* MATERIAL FOR THIS EXERCISE:
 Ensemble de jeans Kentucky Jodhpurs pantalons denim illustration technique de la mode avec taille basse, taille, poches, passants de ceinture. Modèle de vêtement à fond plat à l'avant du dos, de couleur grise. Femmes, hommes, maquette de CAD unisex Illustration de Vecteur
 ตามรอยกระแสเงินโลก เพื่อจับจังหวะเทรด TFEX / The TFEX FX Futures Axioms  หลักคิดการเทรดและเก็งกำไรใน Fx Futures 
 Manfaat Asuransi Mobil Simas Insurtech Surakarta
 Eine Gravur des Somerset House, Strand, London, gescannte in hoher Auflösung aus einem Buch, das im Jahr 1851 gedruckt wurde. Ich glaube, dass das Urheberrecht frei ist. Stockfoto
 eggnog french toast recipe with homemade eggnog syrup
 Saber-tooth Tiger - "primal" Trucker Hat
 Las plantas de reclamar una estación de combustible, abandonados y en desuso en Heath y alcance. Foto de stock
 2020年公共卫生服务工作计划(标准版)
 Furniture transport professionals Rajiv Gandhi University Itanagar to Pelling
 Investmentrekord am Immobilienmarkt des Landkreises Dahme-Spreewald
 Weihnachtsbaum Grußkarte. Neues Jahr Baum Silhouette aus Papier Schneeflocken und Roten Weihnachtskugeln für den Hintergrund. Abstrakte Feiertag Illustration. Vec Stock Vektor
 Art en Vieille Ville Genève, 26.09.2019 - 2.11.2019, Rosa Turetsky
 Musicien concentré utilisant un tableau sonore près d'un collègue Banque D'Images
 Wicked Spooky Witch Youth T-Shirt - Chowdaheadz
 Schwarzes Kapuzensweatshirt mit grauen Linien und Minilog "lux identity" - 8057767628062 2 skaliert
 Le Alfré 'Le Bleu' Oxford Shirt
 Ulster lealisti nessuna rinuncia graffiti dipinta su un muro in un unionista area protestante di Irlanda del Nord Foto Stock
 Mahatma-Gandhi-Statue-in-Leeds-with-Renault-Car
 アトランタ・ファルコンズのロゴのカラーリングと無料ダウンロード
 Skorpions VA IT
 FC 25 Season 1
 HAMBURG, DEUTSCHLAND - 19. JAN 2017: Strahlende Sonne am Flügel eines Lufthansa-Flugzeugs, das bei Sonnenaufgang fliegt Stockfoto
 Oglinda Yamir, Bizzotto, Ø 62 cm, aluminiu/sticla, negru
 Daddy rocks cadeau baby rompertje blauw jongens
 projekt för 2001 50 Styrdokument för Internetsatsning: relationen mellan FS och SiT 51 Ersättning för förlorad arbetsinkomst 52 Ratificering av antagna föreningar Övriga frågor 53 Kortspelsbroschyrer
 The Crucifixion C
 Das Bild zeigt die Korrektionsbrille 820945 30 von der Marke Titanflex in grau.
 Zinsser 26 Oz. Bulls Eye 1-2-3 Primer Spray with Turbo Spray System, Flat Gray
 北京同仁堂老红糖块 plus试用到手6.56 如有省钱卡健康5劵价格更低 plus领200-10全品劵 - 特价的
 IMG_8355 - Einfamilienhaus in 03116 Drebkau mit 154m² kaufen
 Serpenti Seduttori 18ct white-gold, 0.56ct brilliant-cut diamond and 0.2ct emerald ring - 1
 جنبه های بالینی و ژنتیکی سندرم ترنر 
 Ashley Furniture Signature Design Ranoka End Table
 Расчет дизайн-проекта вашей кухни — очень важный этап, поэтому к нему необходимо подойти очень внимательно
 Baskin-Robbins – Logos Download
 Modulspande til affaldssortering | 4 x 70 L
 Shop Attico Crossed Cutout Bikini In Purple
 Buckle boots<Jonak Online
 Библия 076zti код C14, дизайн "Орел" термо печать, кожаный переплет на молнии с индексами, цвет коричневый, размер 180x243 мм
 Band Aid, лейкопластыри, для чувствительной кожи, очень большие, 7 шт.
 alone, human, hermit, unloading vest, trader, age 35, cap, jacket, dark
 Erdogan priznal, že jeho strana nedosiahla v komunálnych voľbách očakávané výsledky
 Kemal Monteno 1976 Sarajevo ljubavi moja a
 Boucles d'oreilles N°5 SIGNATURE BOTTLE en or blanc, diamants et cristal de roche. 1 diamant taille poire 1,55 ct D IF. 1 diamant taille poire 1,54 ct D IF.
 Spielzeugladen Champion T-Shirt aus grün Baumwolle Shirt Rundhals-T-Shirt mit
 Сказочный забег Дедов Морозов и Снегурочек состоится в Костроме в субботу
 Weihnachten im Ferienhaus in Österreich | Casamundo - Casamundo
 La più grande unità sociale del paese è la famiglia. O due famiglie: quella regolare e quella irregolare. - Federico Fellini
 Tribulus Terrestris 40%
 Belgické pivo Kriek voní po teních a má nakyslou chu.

* TASK:
Repeat the listing. Keep every character the same.

* TASK ANSWER:
 Ensemble de jeans Kentucky Jodhpurs pantalons denim illustration technique de la mode avec taille basse, taille, poches, passants de ceinture. Modèle de vêtement à fond plat à l'avant du dos, de couleur grise. Femmes, hommes, maquette de CAD unisex Illustration de Vecteur
 ตามรอยกระแสเงินโลก เพื่อจับจังหวะเทรด TFEX / The TFEX FX Futures Axioms  หลักคิดการเทรดและเก็งกำไรใน Fx Futures 
 Manfaat Asuransi Mobil Simas Insurtech Surakarta
 Eine Gravur des Somerset House, Strand, London, gescannte in hoher Auflösung aus einem Buch, das im Jahr 1851 gedruckt wurde. Ich glaube, dass das Urheberrecht frei ist. Stockfoto
 eggnog french toast recipe with homemade eggnog syrup
 Saber-tooth Tiger - "primal" Trucker Hat
 Las plantas de reclamar una estación de combustible, abandonados y en desuso en Heath y alcance. Foto de stock
 2020年公共卫生服务工作计划(标准版)
 Furniture transport professionals Rajiv Gandhi University Itanagar to Pelling
 Investmentrekord am Immobilienmarkt des Landkreises Dahme-Spreewald
 Weihnachtsbaum Grußkarte. Neues Jahr Baum Silhouette aus Papier Schneeflocken und Roten Weihnachtskugeln für den Hintergrund. Abstrakte Feiertag Illustration. Vec Stock Vektor
 Art en Vieille Ville Genève, 26.09.2019 - 2.11.2019, Rosa Turetsky
 Musicien concentré utilisant un tableau sonore près d'un collègue Banque D'Images
 Wicked Spooky Witch Youth T-Shirt - Chowdaheadz
 Schwarzes Kapuzensweatshirt mit grauen Linien und Minilog "lux identity" - 8057767628062 2 skaliert
 Le Alfré 'Le Bleu' Oxford Shirt
 Ulster lealisti nessuna rinuncia graffiti dipinta su un muro in un unionista area protestante di Irlanda del Nord Foto Stock
 Mahatma-Gandhi-Statue-in-Leeds-with-Renault-Car
 アトランタ・ファルコンズのロゴのカラーリングと無料ダウンロード
 Skorpions VA IT
 FC 25 Season 1
 HAMBURG, DEUTSCHLAND - 19. JAN 2017: Strahlende Sonne am Flügel eines Lufthansa-Flugzeugs, das bei Sonnenaufgang fliegt Stockfoto
 Oglinda Yamir, Bizzotto, Ø 62 cm, aluminiu/sticla, negru
 Daddy rocks cadeau baby rompertje blauw jongens
 projekt för 2001 50 Styrdokument för Internetsatsning: relationen mellan FS och SiT 51 Ersättning för förlorad arbetsinkomst 52 Ratificering av antagna föreningar Övriga frågor 53 Kortspelsbroschyrer
 The Crucifixion C
 Das Bild zeigt die Korrektionsbrille 820945 30 von der Marke Titanflex in grau.
 Zinsser 26 Oz. Bulls Eye 1-2-3 Primer Spray with Turbo Spray System, Flat Gray
 北京同仁堂老红糖块 plus试用到手6.56 如有省钱卡健康5劵价格更低 plus领200-10全品劵 - 特价的
 IMG_8355 - Einfamilienhaus in 03116 Drebkau mit 154m² kaufen
 Serpenti Seduttori 18ct white-gold, 0.56ct brilliant-cut diamond and 0.2ct emerald ring - 1
 جنبه های بالینی و ژنتیکی سندرم ترنر 
 Ashley Furniture Signature Design Ranoka End Table
 Расчет дизайн-проекта вашей кухни — очень важный этап, поэтому к нему необходимо подойти очень внимательно
 Baskin-Robbins – Logos Download
 Modulspande til affaldssortering | 4 x 70 L
 Shop Attico Crossed Cutout Bikini In Purple
 Buckle boots<Jonak Online
 Библия 076zti код C14, дизайн "Орел" термо печать, кожаный переплет на молнии с индексами, цвет коричневый, размер 180x243 мм
 Band Aid, лейкопластыри, для чувствительной кожи, очень большие, 7 шт.
 alone, human, hermit, unloading vest, trader, age 35, cap, jacket, dark
 Erdogan priznal, že jeho strana nedosiahla v komunálnych voľbách očakávané výsledky
 Kemal Monteno 1976 Sarajevo ljubavi moja a
 Boucles d'oreilles N°5 SIGNATURE BOTTLE en or blanc, diamants et cristal de roche. 1 diamant taille poire 1,55 ct D IF. 1 diamant taille poire 1,54 ct D IF.
 Spielzeugladen Champion T-Shirt aus grün Baumwolle Shirt Rundhals-T-Shirt mit
 Сказочный забег Дедов Морозов и Снегурочек состоится в Костроме в субботу
 Weihnachten im Ferienhaus in Österreich | Casamundo - Casamundo
 La più grande unità sociale del paese è la famiglia. O due famiglie: quella regolare e quella irregolare. - Federico Fellini
 Tribulus Terrestris 40%
 Belgické pivo Kriek voní po teních a má nakyslou chu.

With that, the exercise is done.